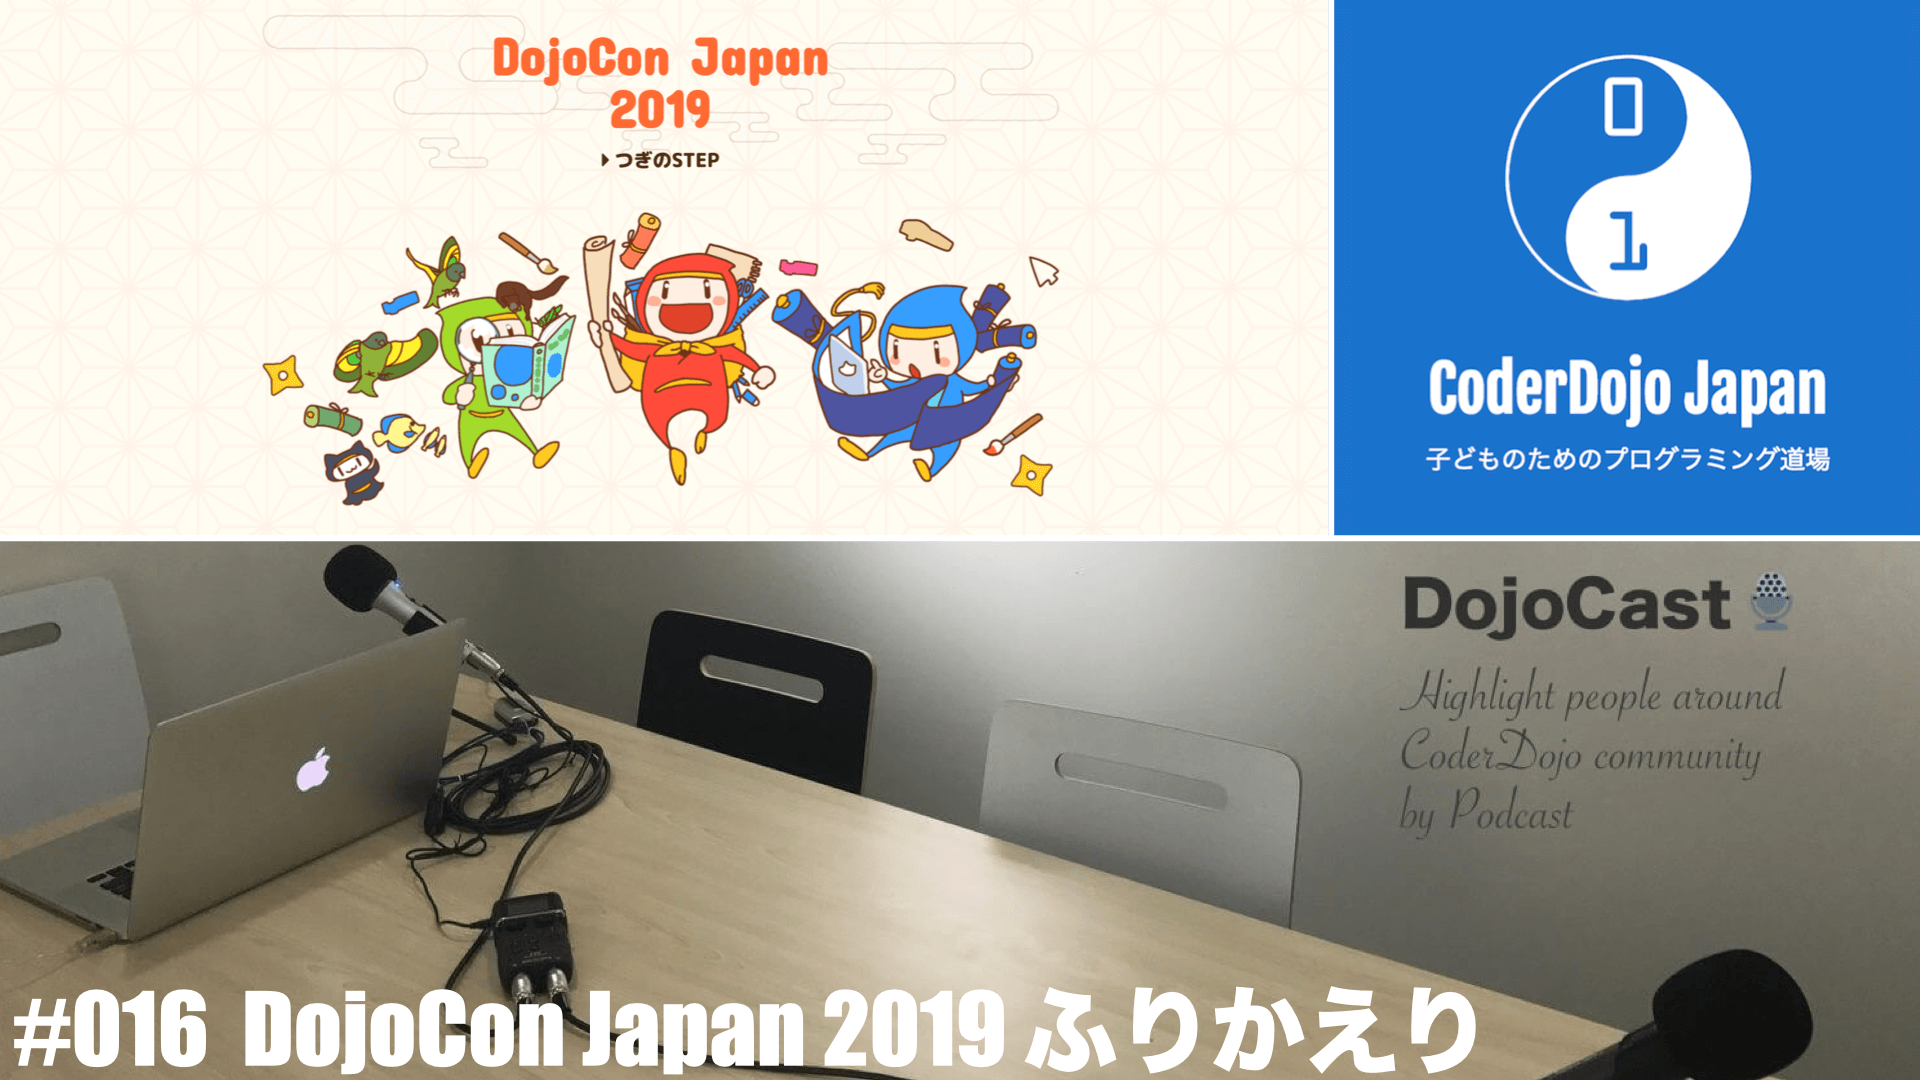 DojoCon Japan 2019 Cover Photo
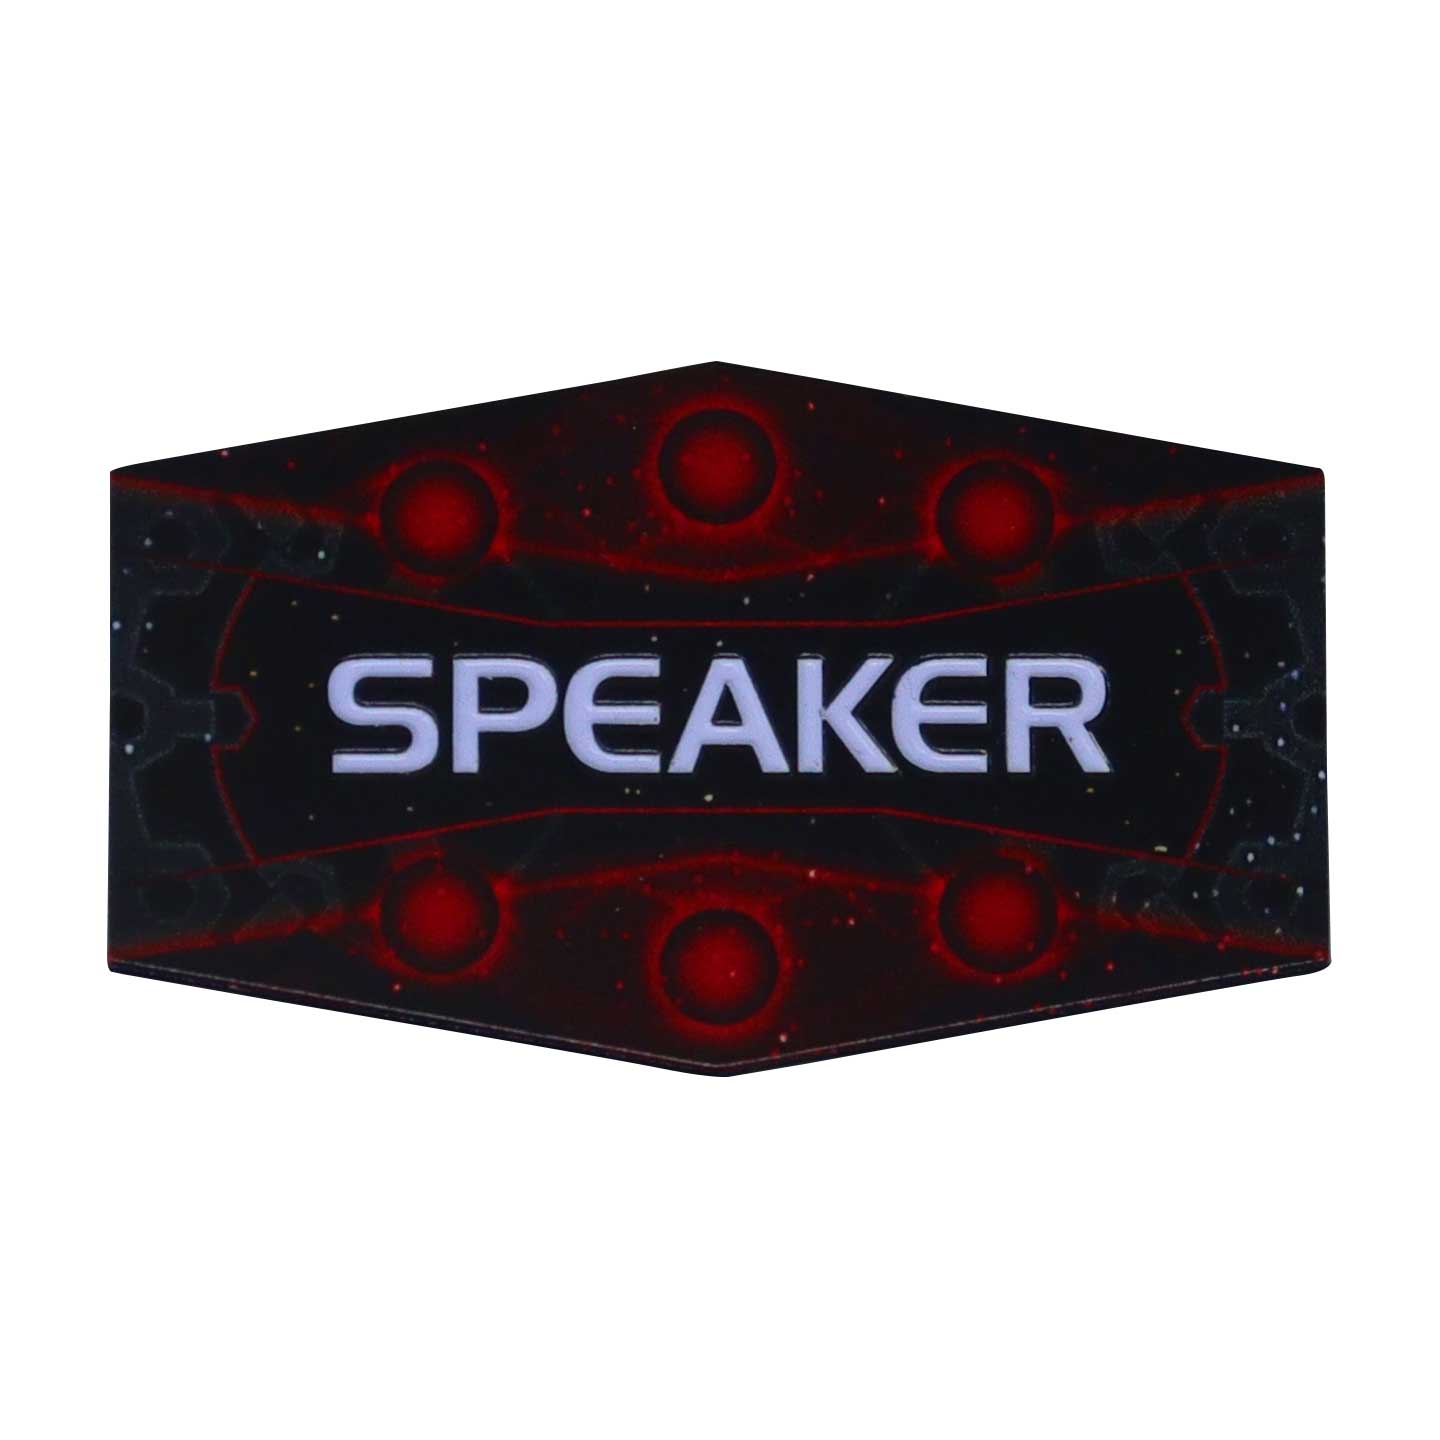 Twilight Imperium Speaker Pin Badge
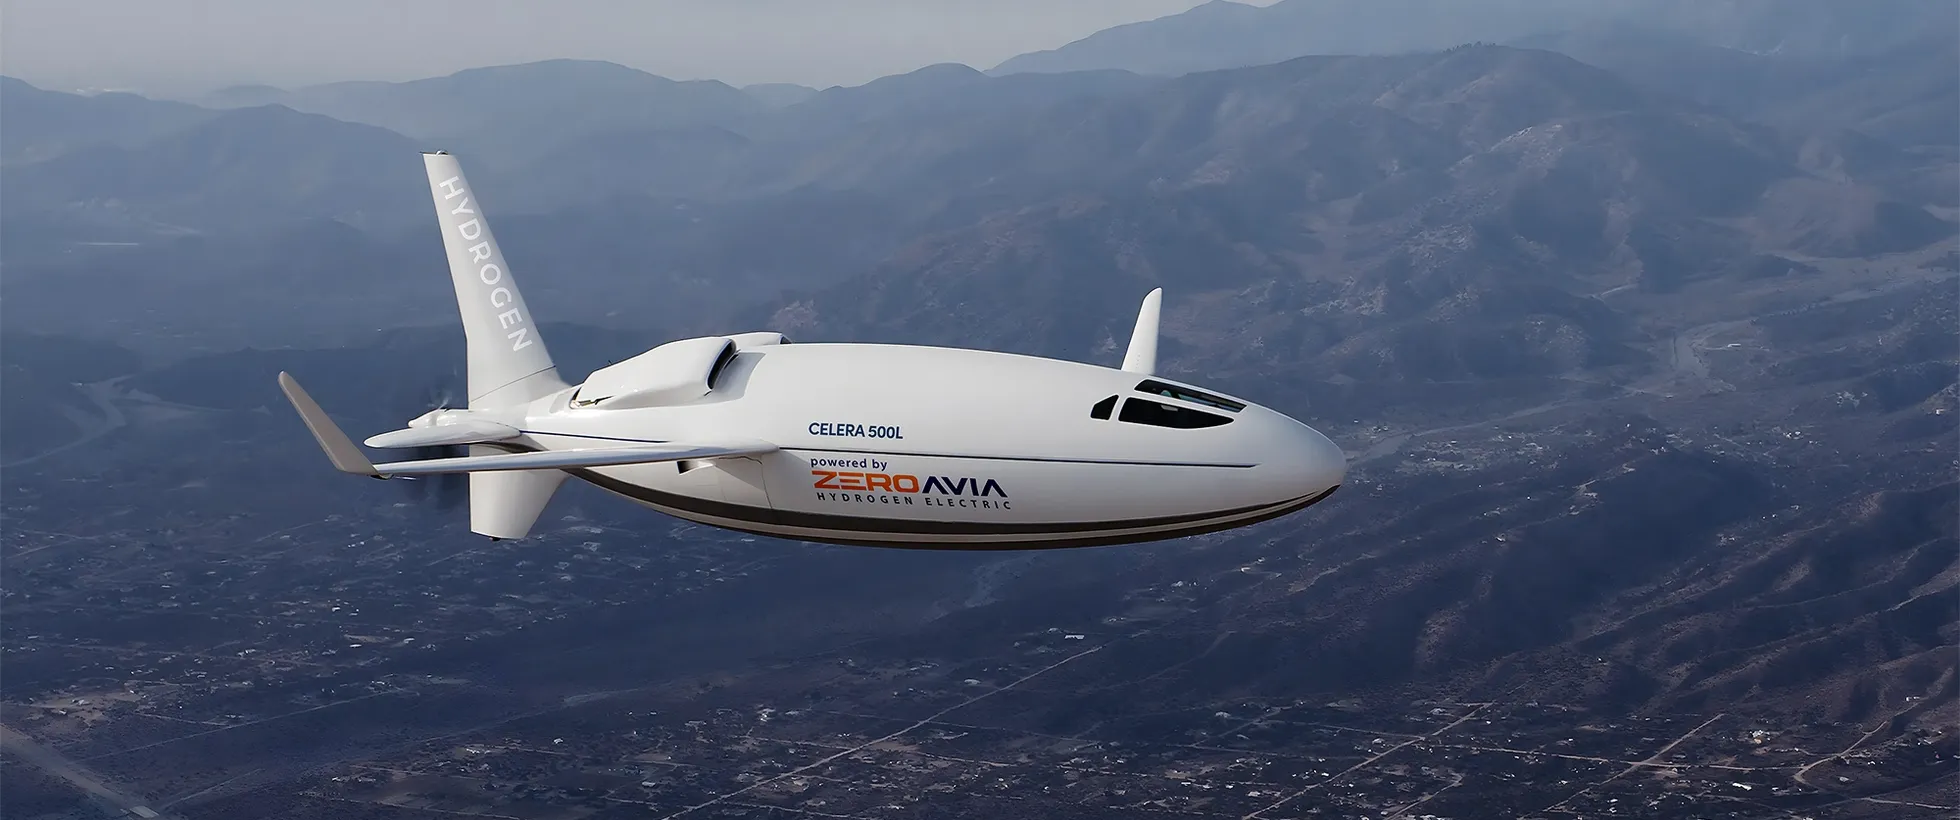 Celera 500L rendering against sky with ZeroAvia logo on side
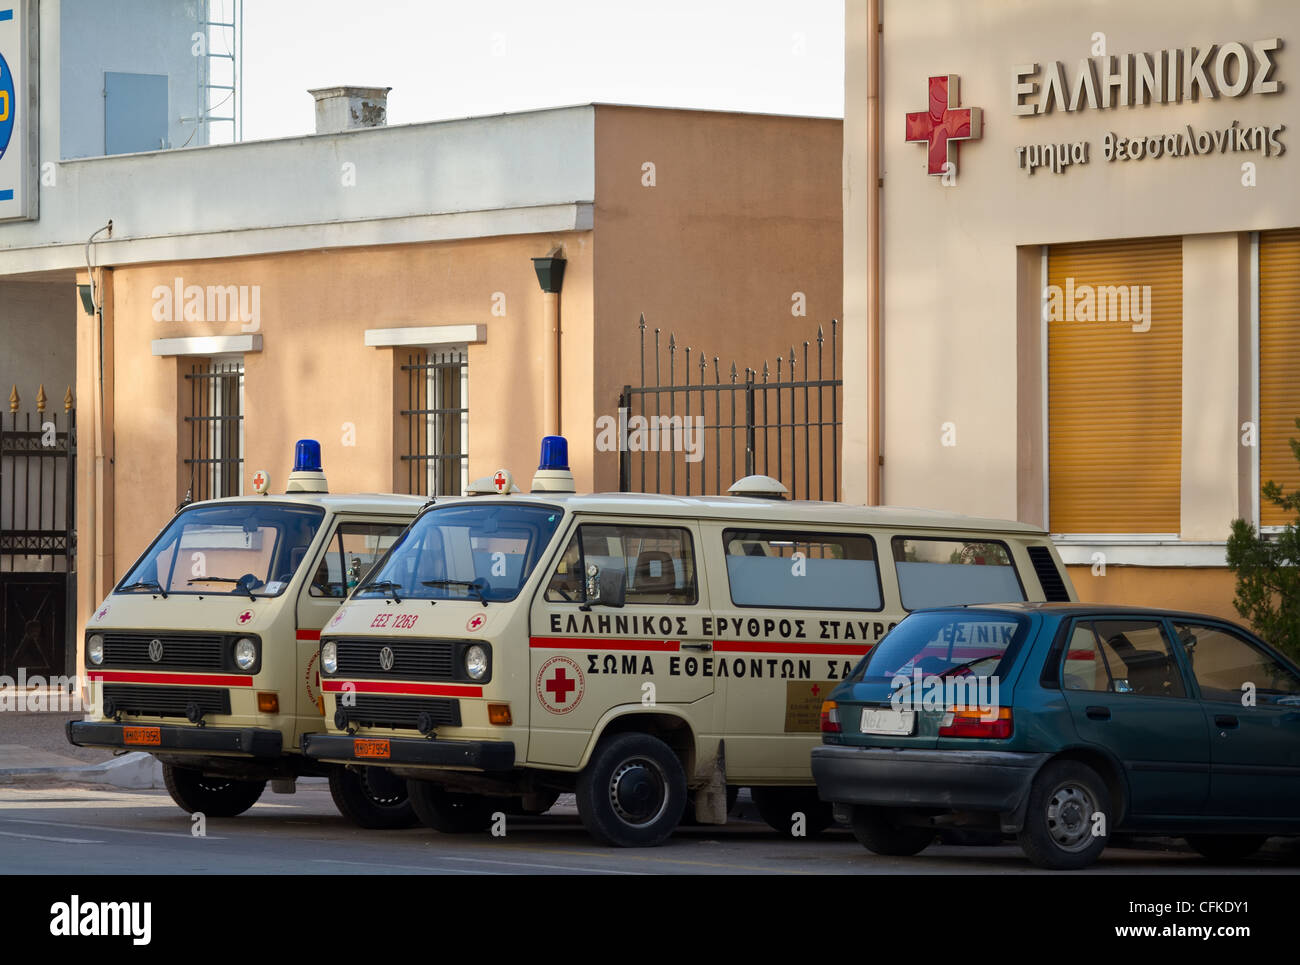 Ambulanze parcheggiato presso un ospedale pronto all'uso quando necessario. Salonicco, Macedonia, Grecia Foto Stock
———
Please transcribe the listing exactly as it stands, but omit its pictures.

 DojoCon Japan 2019 Cover Photo
 Twilight Imperium Speaker Pin Badge
 Celera 500L rendering against sky with ZeroAvia logo on side
 Ambulanze parcheggiato presso un ospedale pronto all'uso quando necessario. Salonicco, Macedonia, Grecia Foto Stock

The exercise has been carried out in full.